* _Your instructions_
For this task, output exactly the lines of the material below starting at the line with "Image Thailand Model" and ending at the line with "акКРТ До Авто"; pictures are to be excluded.

* _Data records_
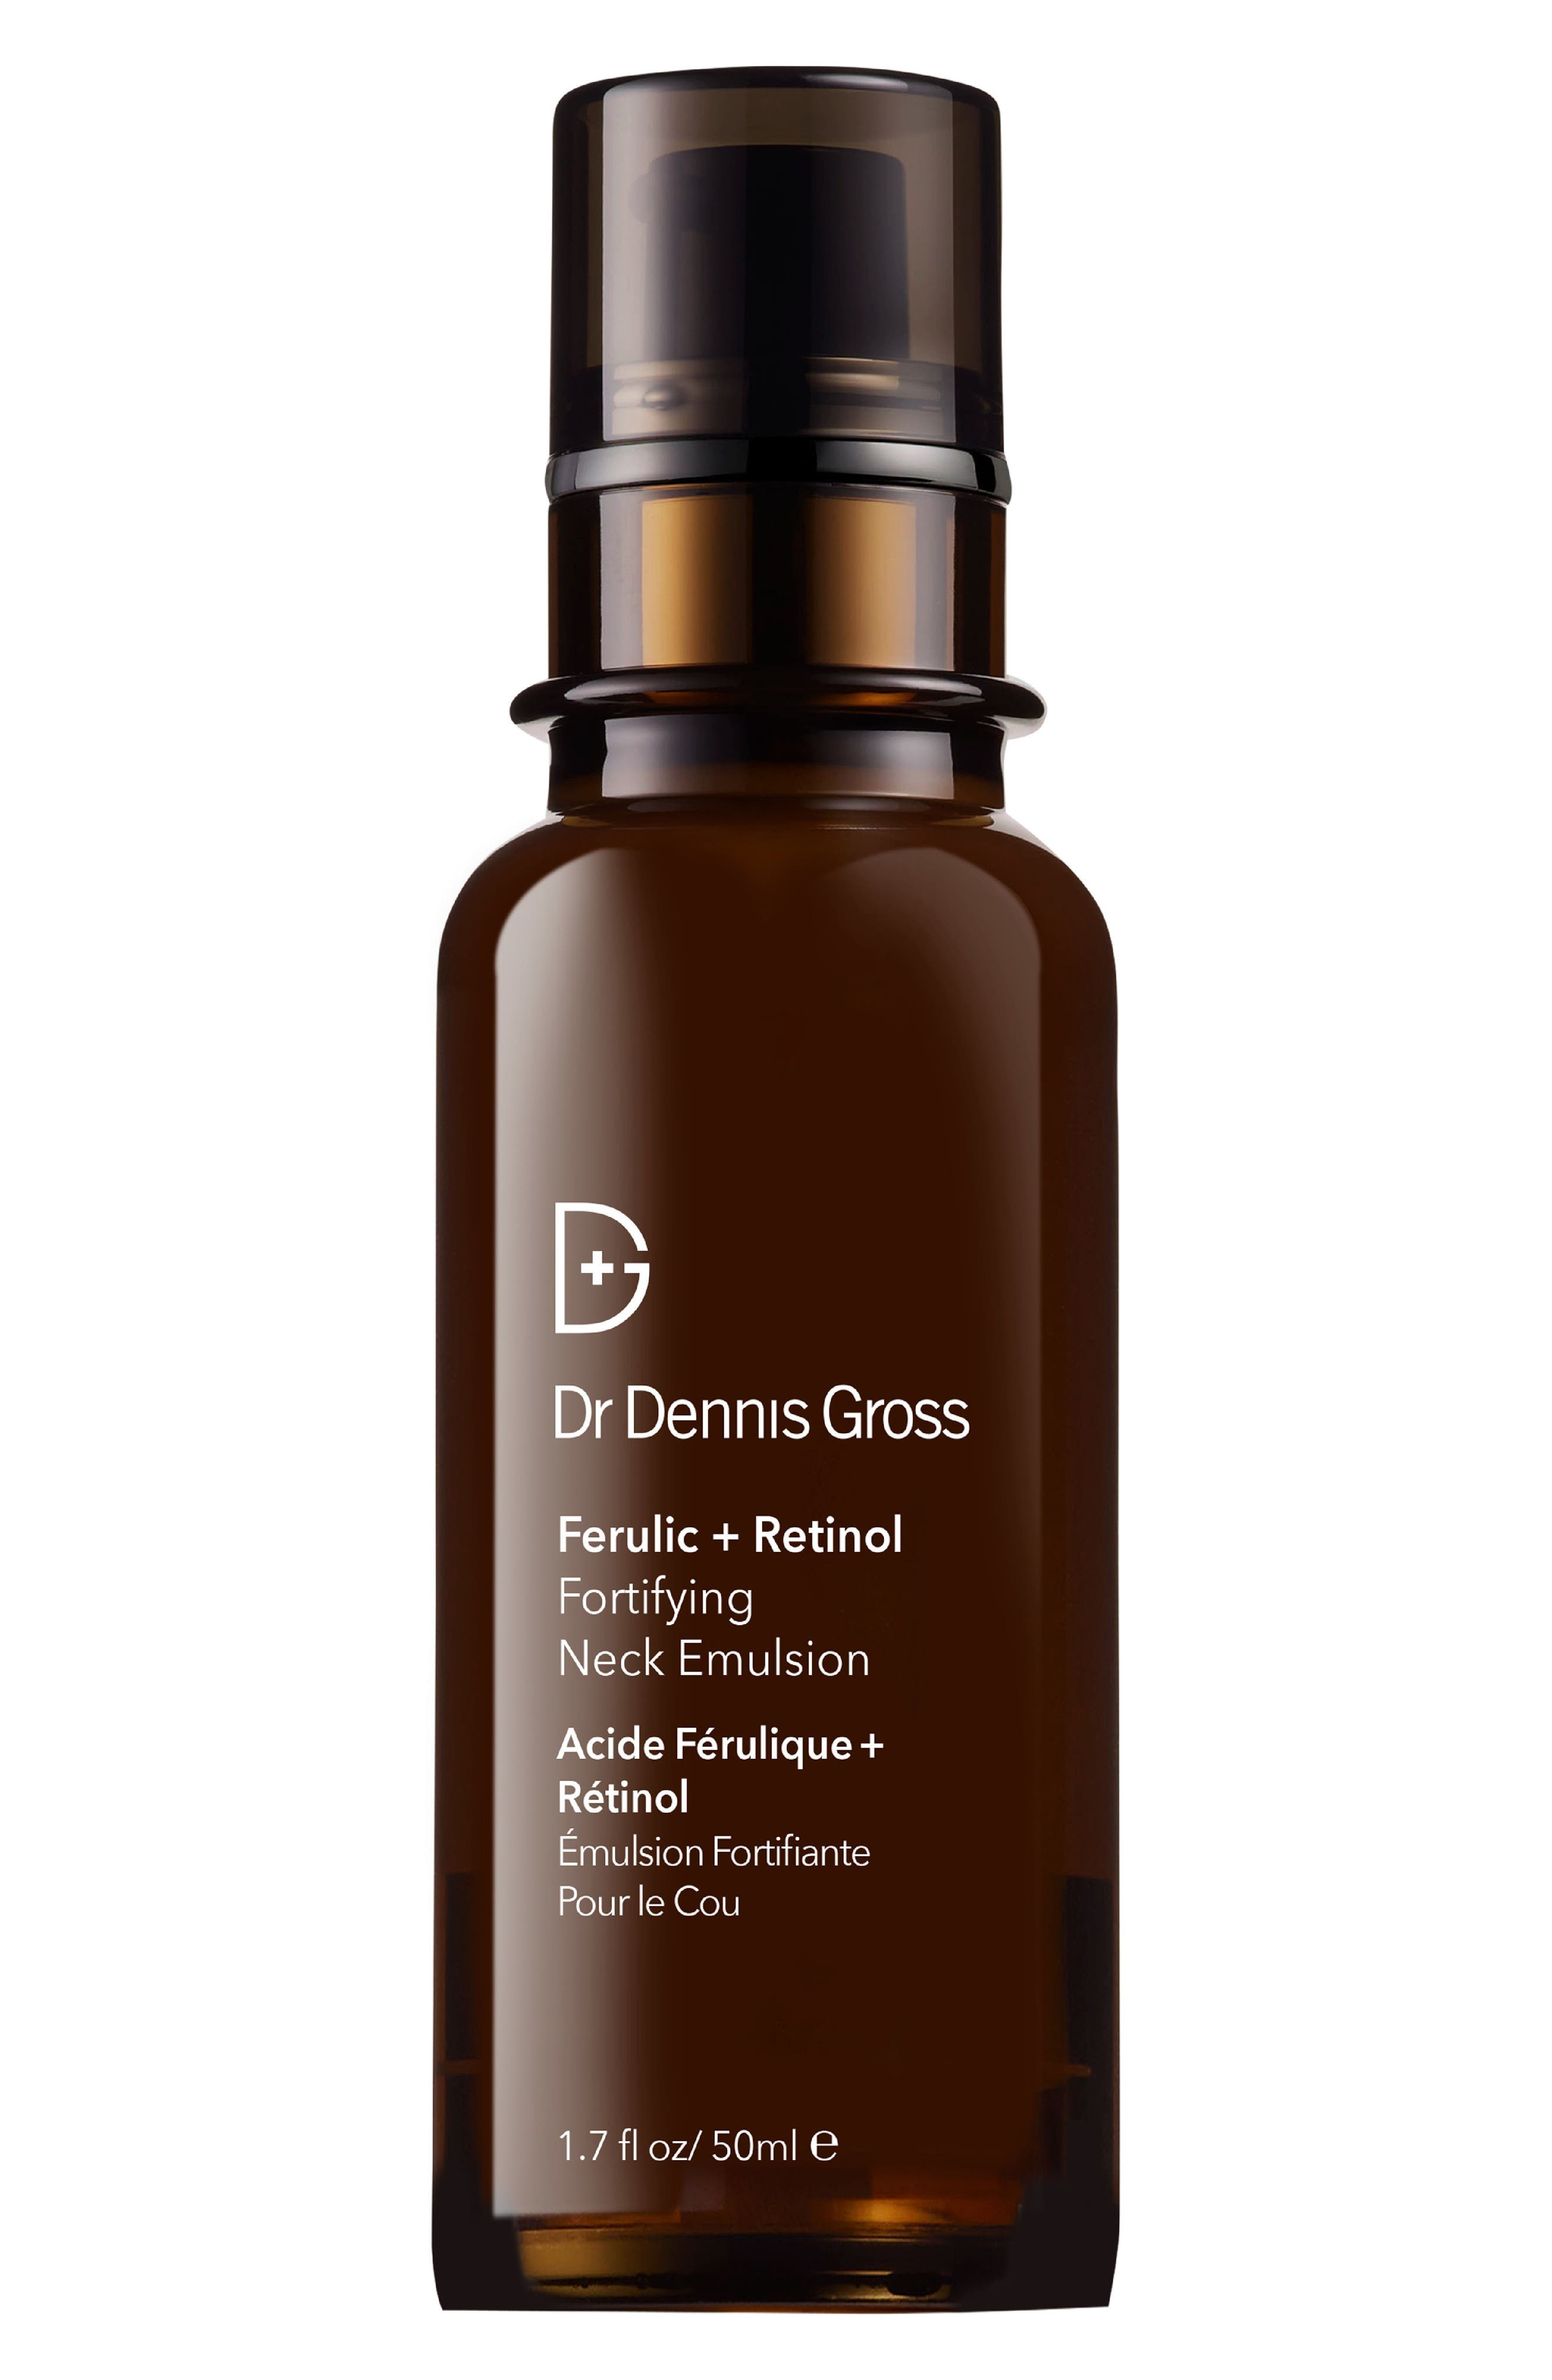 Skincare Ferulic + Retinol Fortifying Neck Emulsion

---

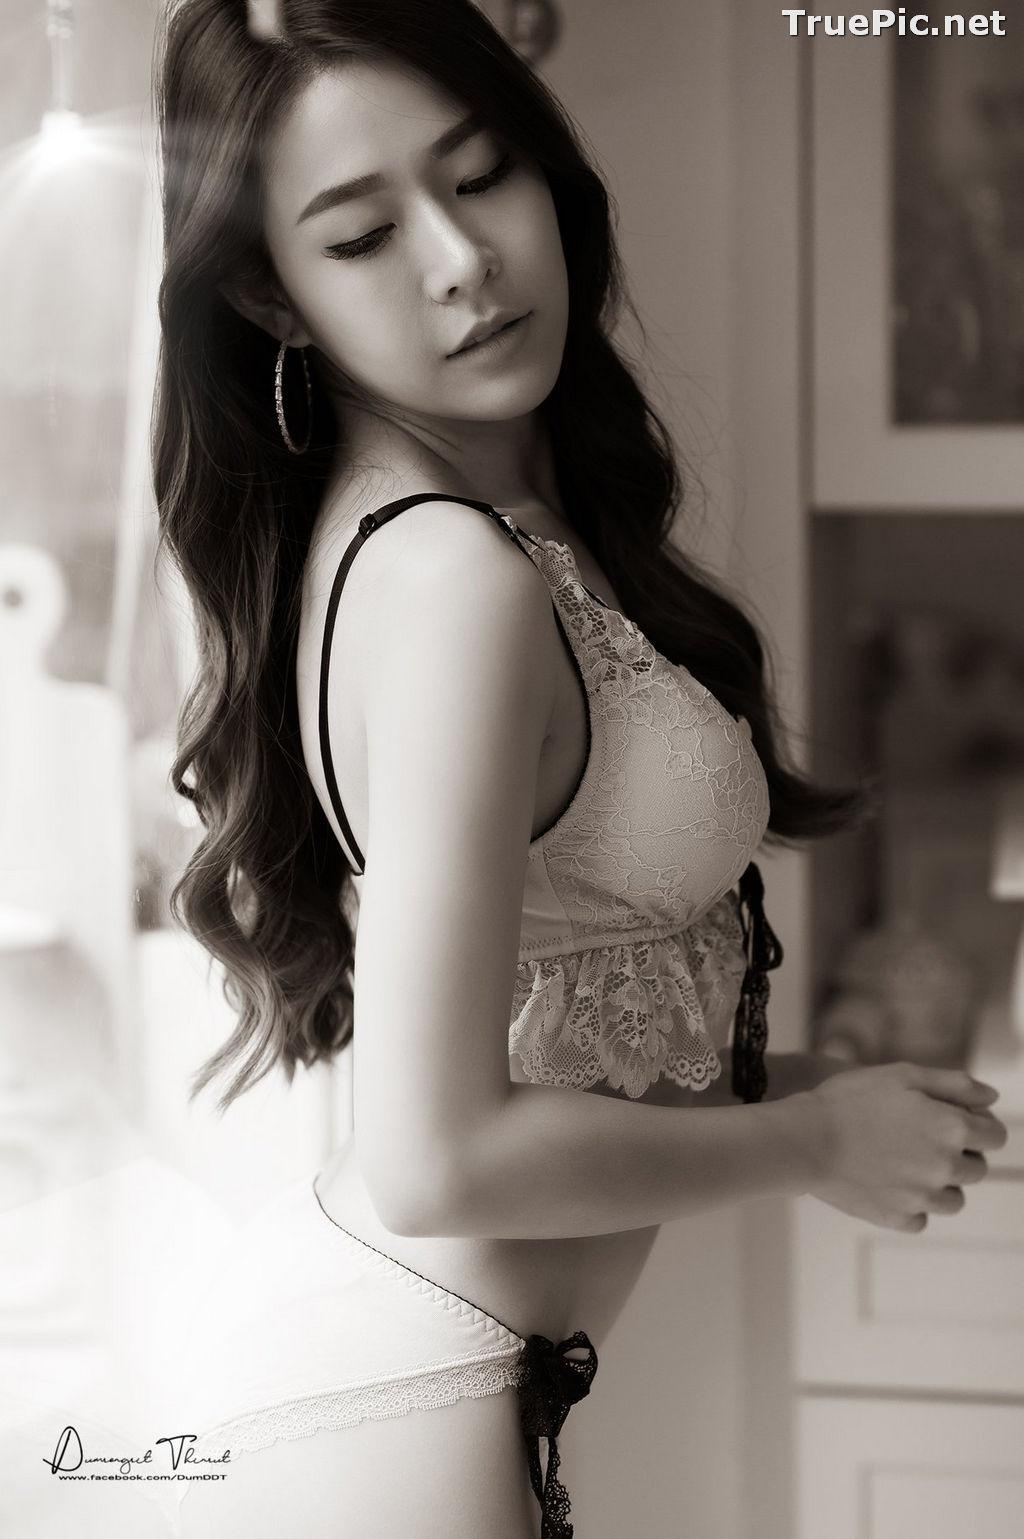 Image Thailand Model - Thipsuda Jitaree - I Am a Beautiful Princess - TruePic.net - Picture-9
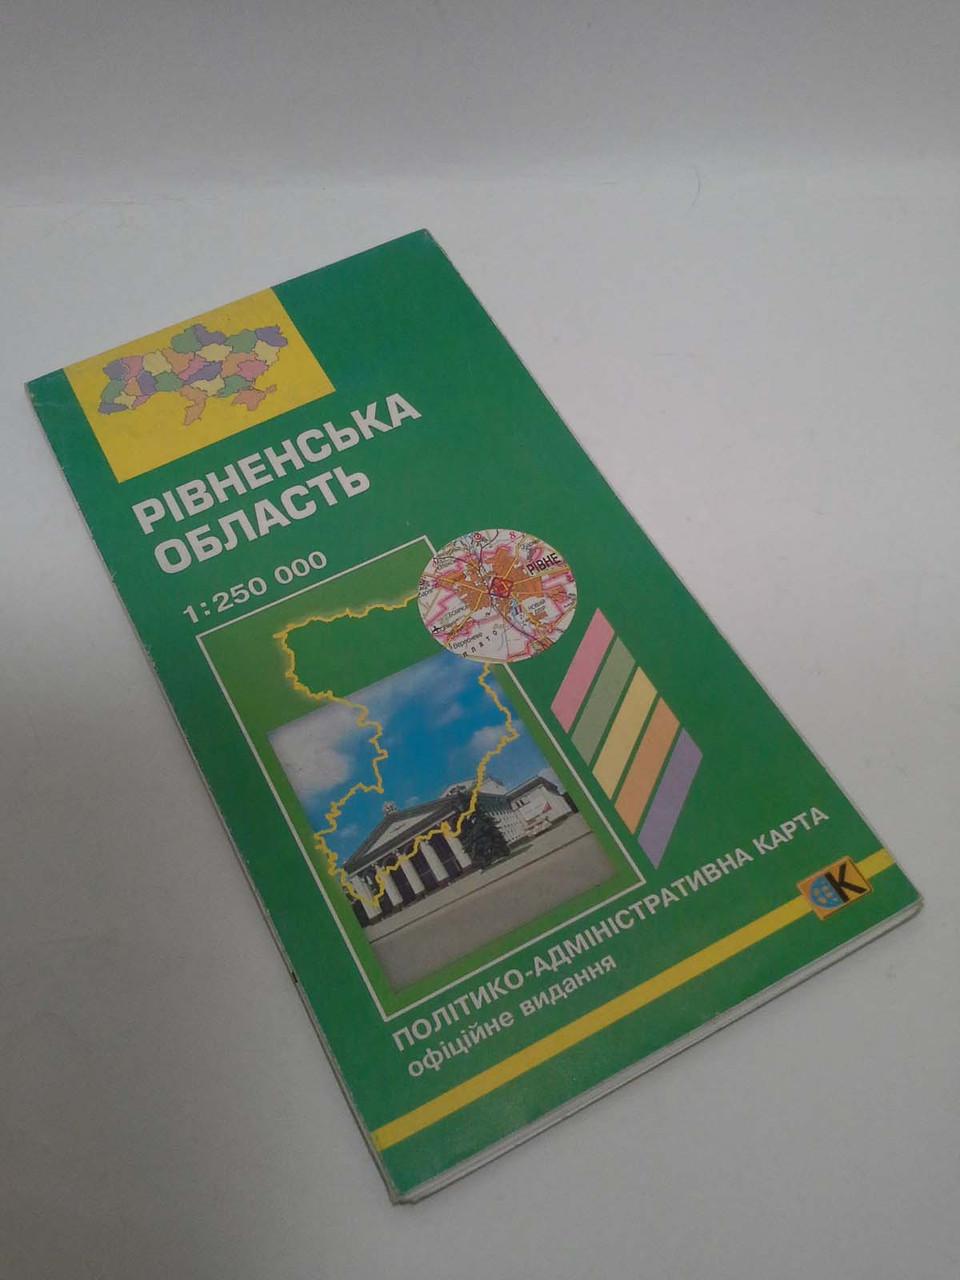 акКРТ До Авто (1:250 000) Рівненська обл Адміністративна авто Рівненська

* _Output for this task_
 Image Thailand Model - Thipsuda Jitaree - I Am a Beautiful Princess - TruePic.net - Picture-9
 акКРТ До Авто (1:250 000) Рівненська обл Адміністративна авто Рівненська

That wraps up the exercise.